▶ **Work task**: Treat the line containing "perfect matching pair" as the first line and the final line of the material below as the last; reproduce that range exactly.

▶ **Exercise material**:
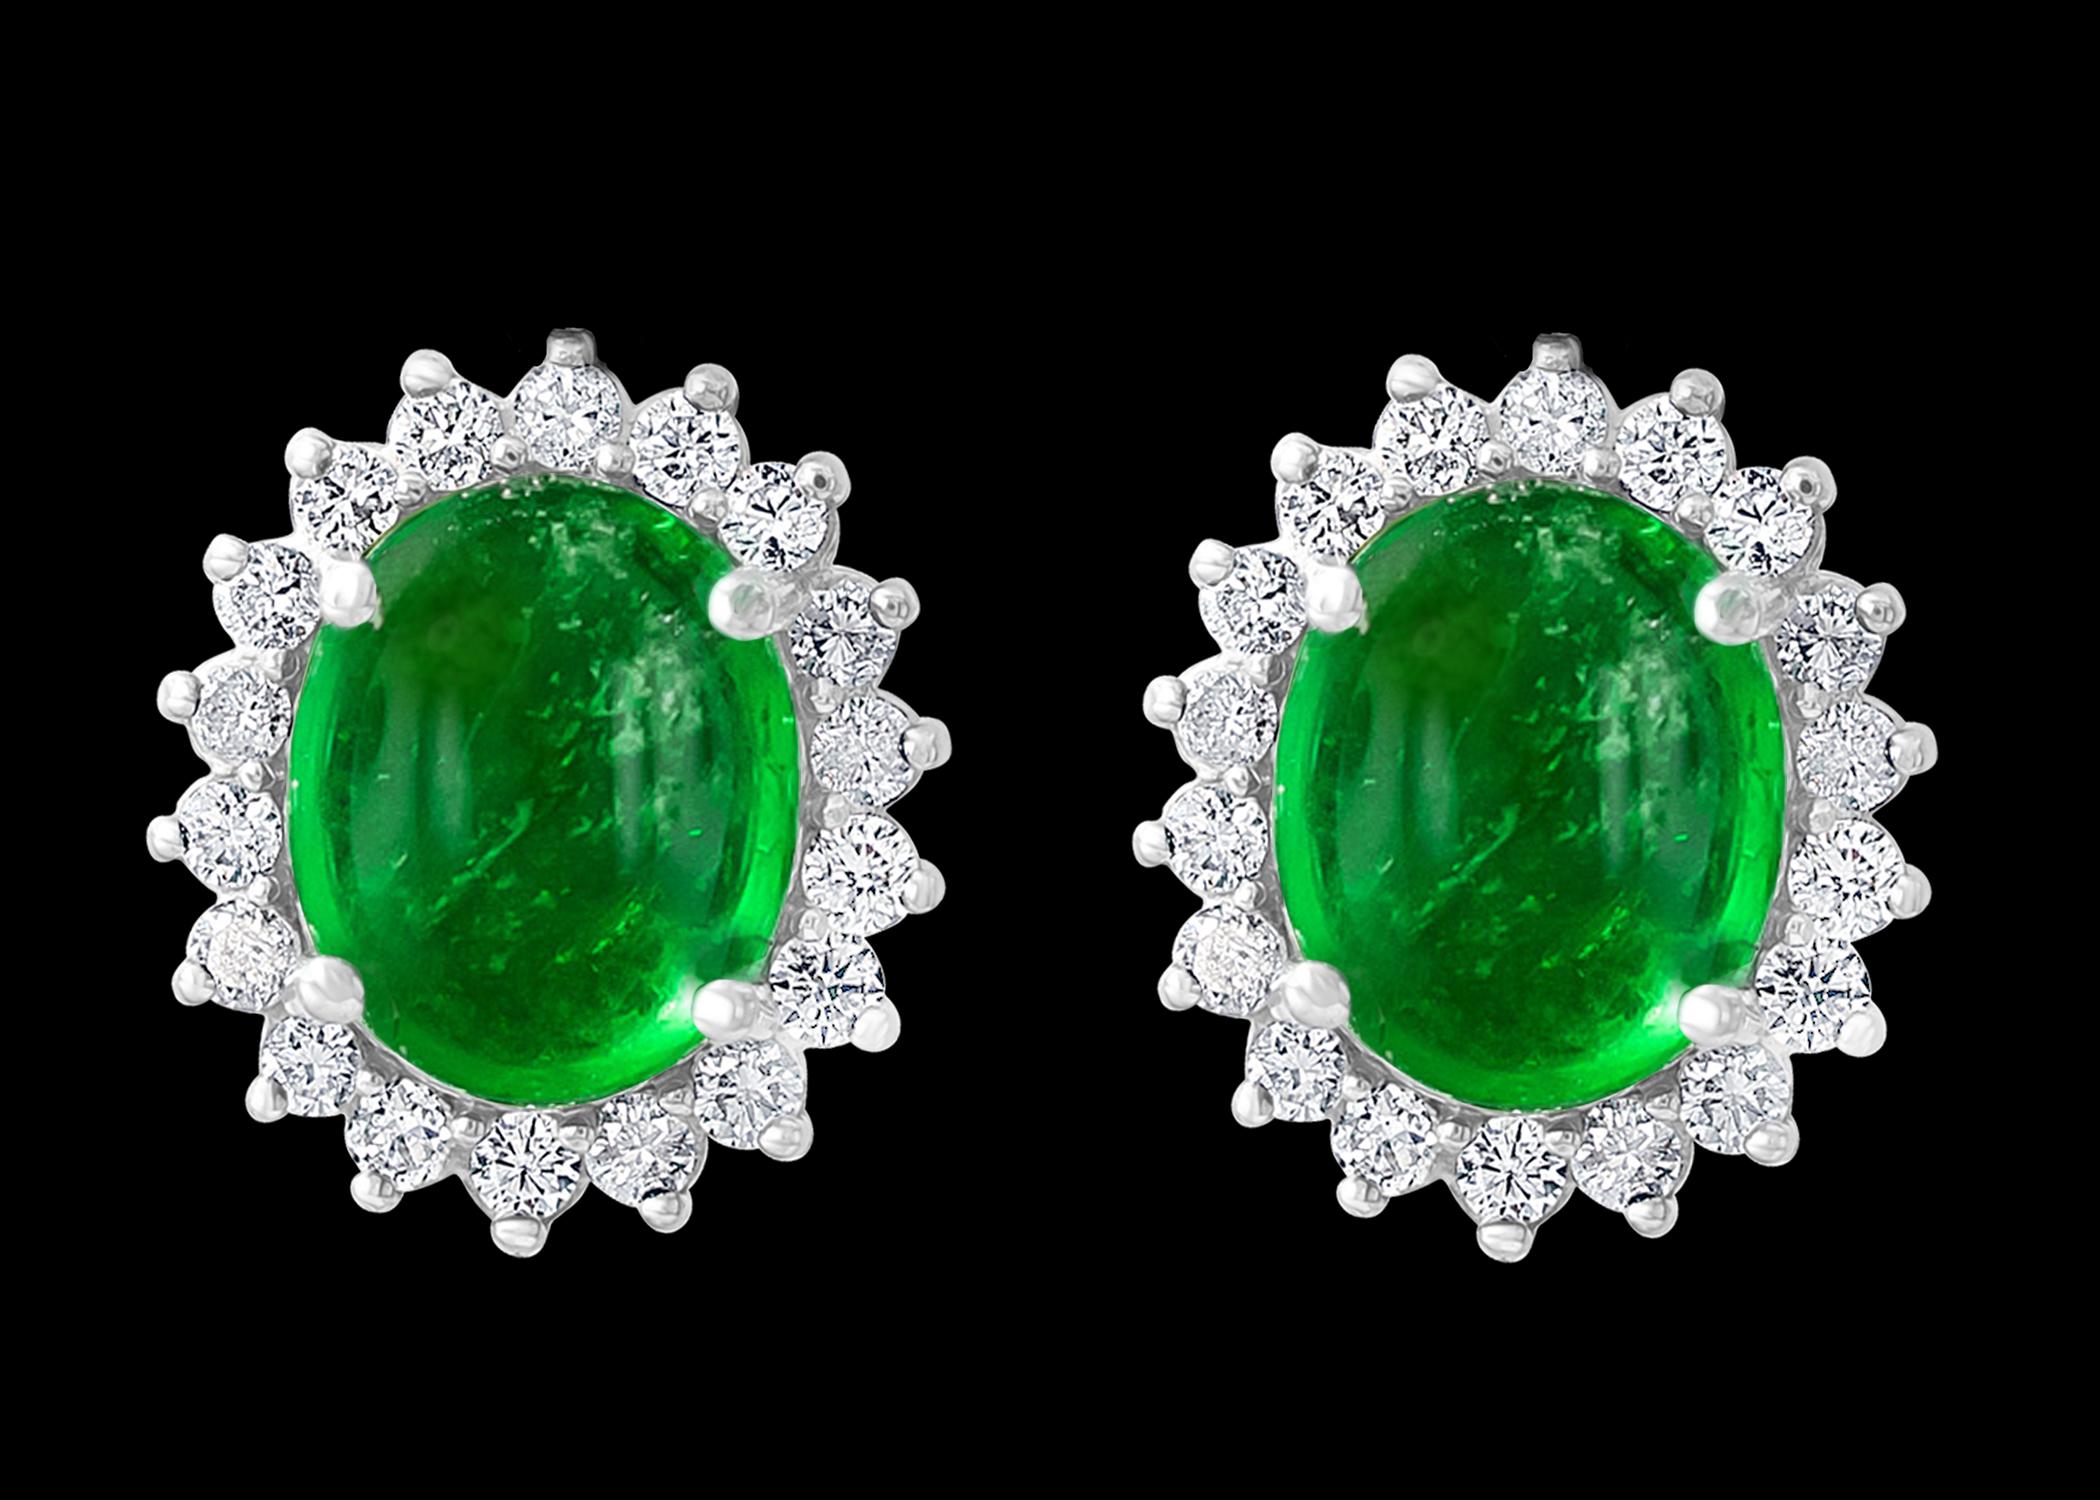 Approximately 12  Carat of Natural Zambian Emerald Cabochon earrings in White gold

Each  Emerald is about 6 carat 
Very desirable color and quality. Extreme fine color and clarity.
perfect matching pair made in 14 Karat White gold
Emerald origin is

▶ **Reply**:
perfect matching pair made in 14 Karat White gold
Emerald origin is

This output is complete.